Friday, December 10, 2010

minding the details

As the normal hoopla of preparing for Christmas continues, I can't help but think again about how driven we are to get things right. We hunt for just the right ornaments, just the right recipes, the perfect gifts, the right Christmas outfits...What is it all about really? Why do we feel this compulsion to do it right? Who's marking the test? What happens if we don't get a good mark? Kind of interesting to consider. And what happens when you don't feel like it?

I remember a Christmas several years ago (more than 10) when I really didn't feel it. It came right down to the last few days before Christmas and I was still feeling pretty grinchy about the whole process. Things were tight financially and the job situation was not very secure. I remember that I was down in the basement tidying up the toys yet again, listening to Barber's Adagio and finally all the emotions just overflowed. I cried until I couldn't see and was so congested I couldn't even blow my nose. But it fixed something as I let go. I surrendered myself to the powerlessness of life and gave it into the hands of the only truly competent individual I know, my Savior. Things didn't magically become better overnight, but the season continued without me resenting it anymore.
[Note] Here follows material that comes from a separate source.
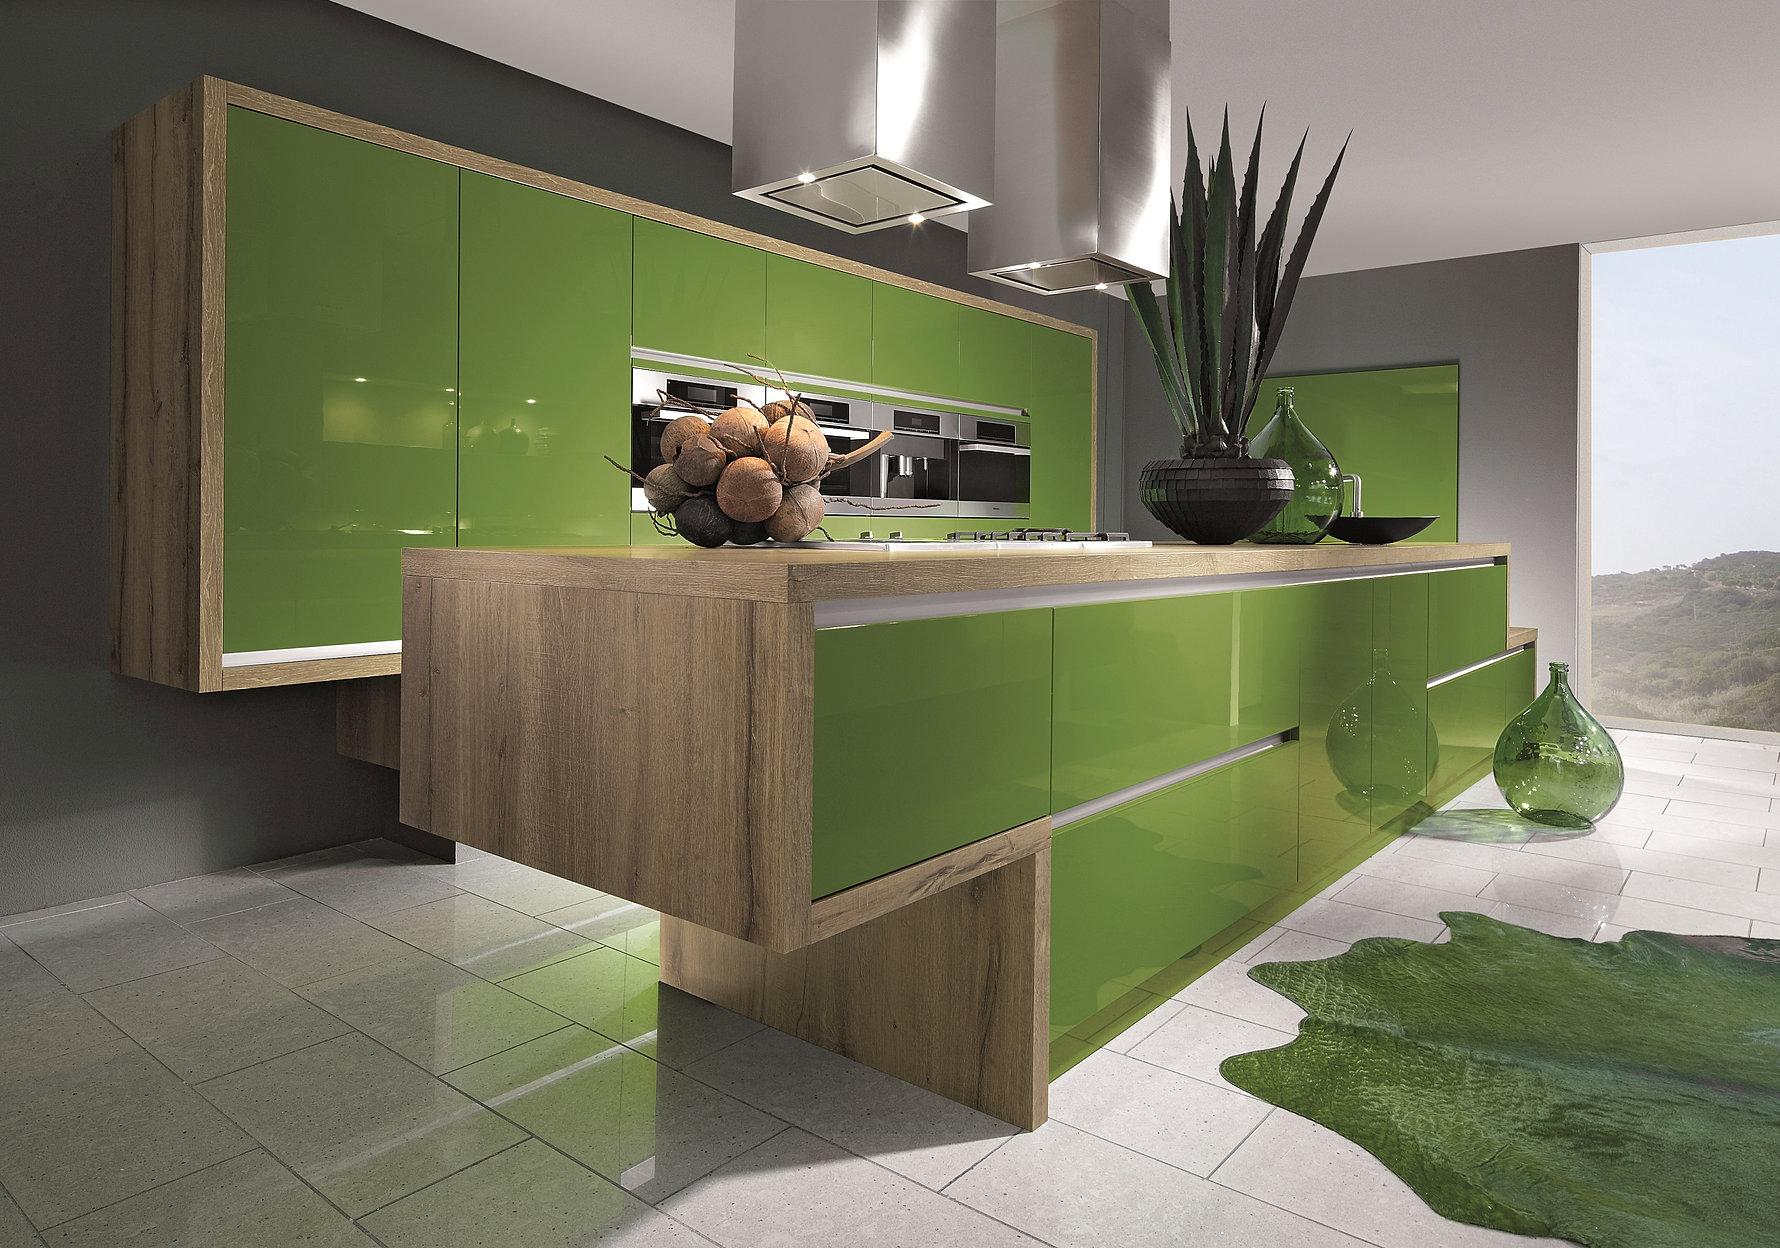 Idee Salle De Bain Original : Installation de cuisines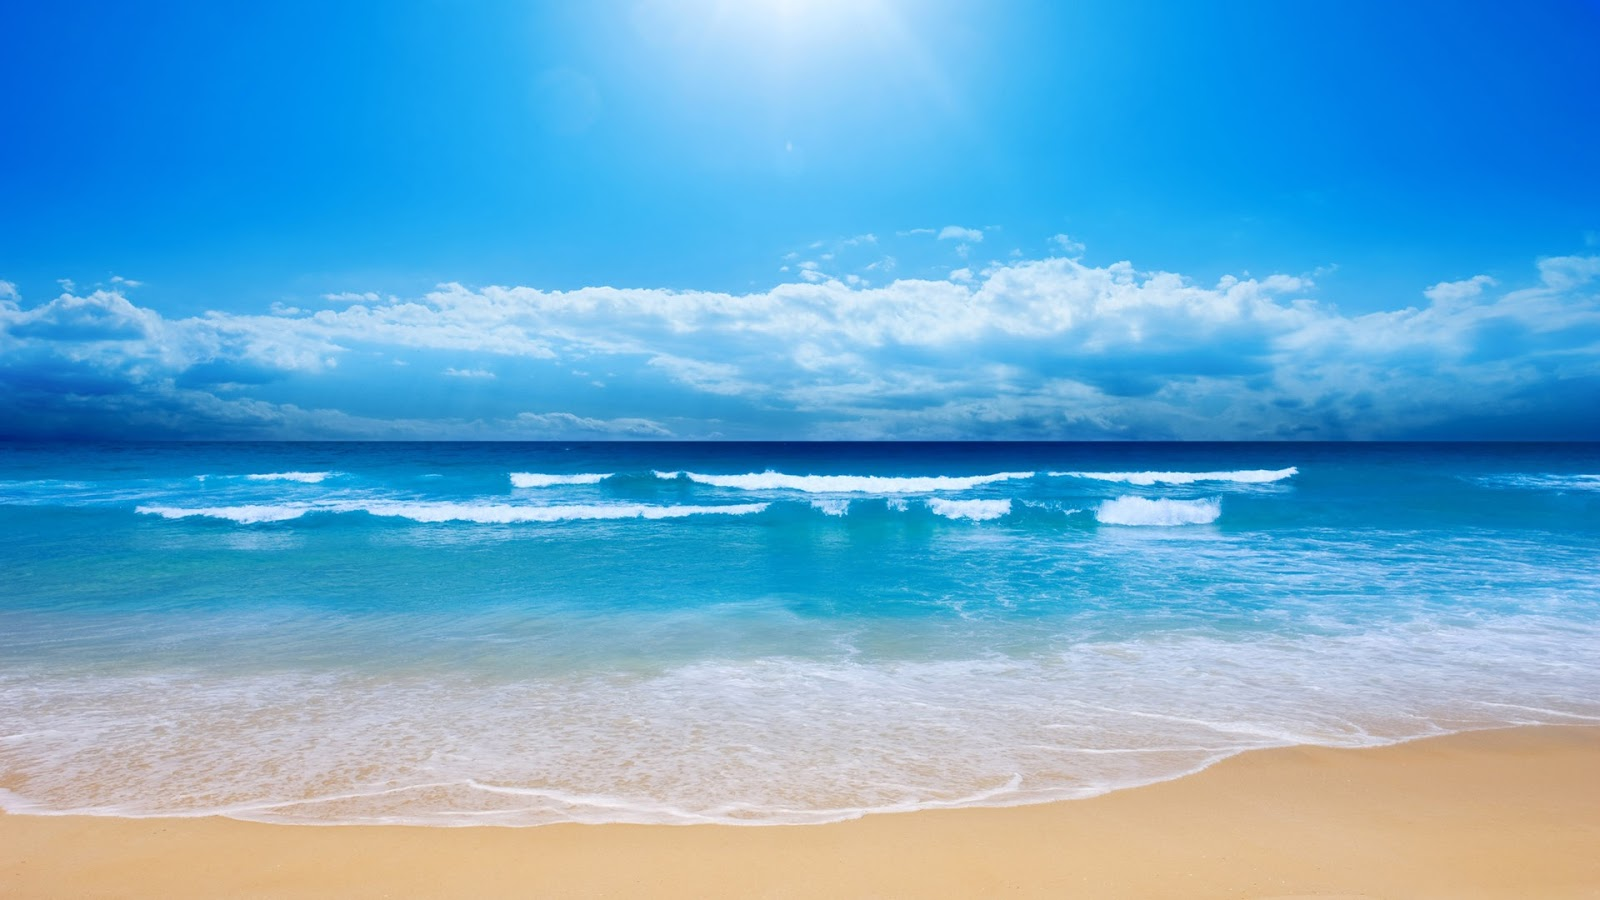 Blue Ocean Sea

I was able to laugh at the continued chaos and see my blessings in the midst of the adversity. I will always remember that Christmas. I tasted the freedom of not having to be perfect for a while. I still slip up sometimes and let expectations dictate too much, but each year I get a little better at savoring the feeling that can come to us if we pause long enough in our racing to see just how much we are loved and saved from ourselves.

There's a funny scripture in Abraham 4:18 that brought it all back to mind this morning - the way we try to make sure everything is going to go perfectly according to plan.

 And the Gods watched those things which they had aordered until they obeyed.

I have done that so many times. And the very nature of mortality is to have the things we order defy us on a regular basis. It's why our hair doesn't go well sometimes, why that poorly timed blemish shows up on school picture day, and why no matter how hard we try or how well-intentioned we are, we're often programmed to fail. Because that's the way it's supposed to be. Otherwise we would persist in the misconception that we are the masters of our destiny and make even nastier messes of our existence. I'm very good at it, believe me.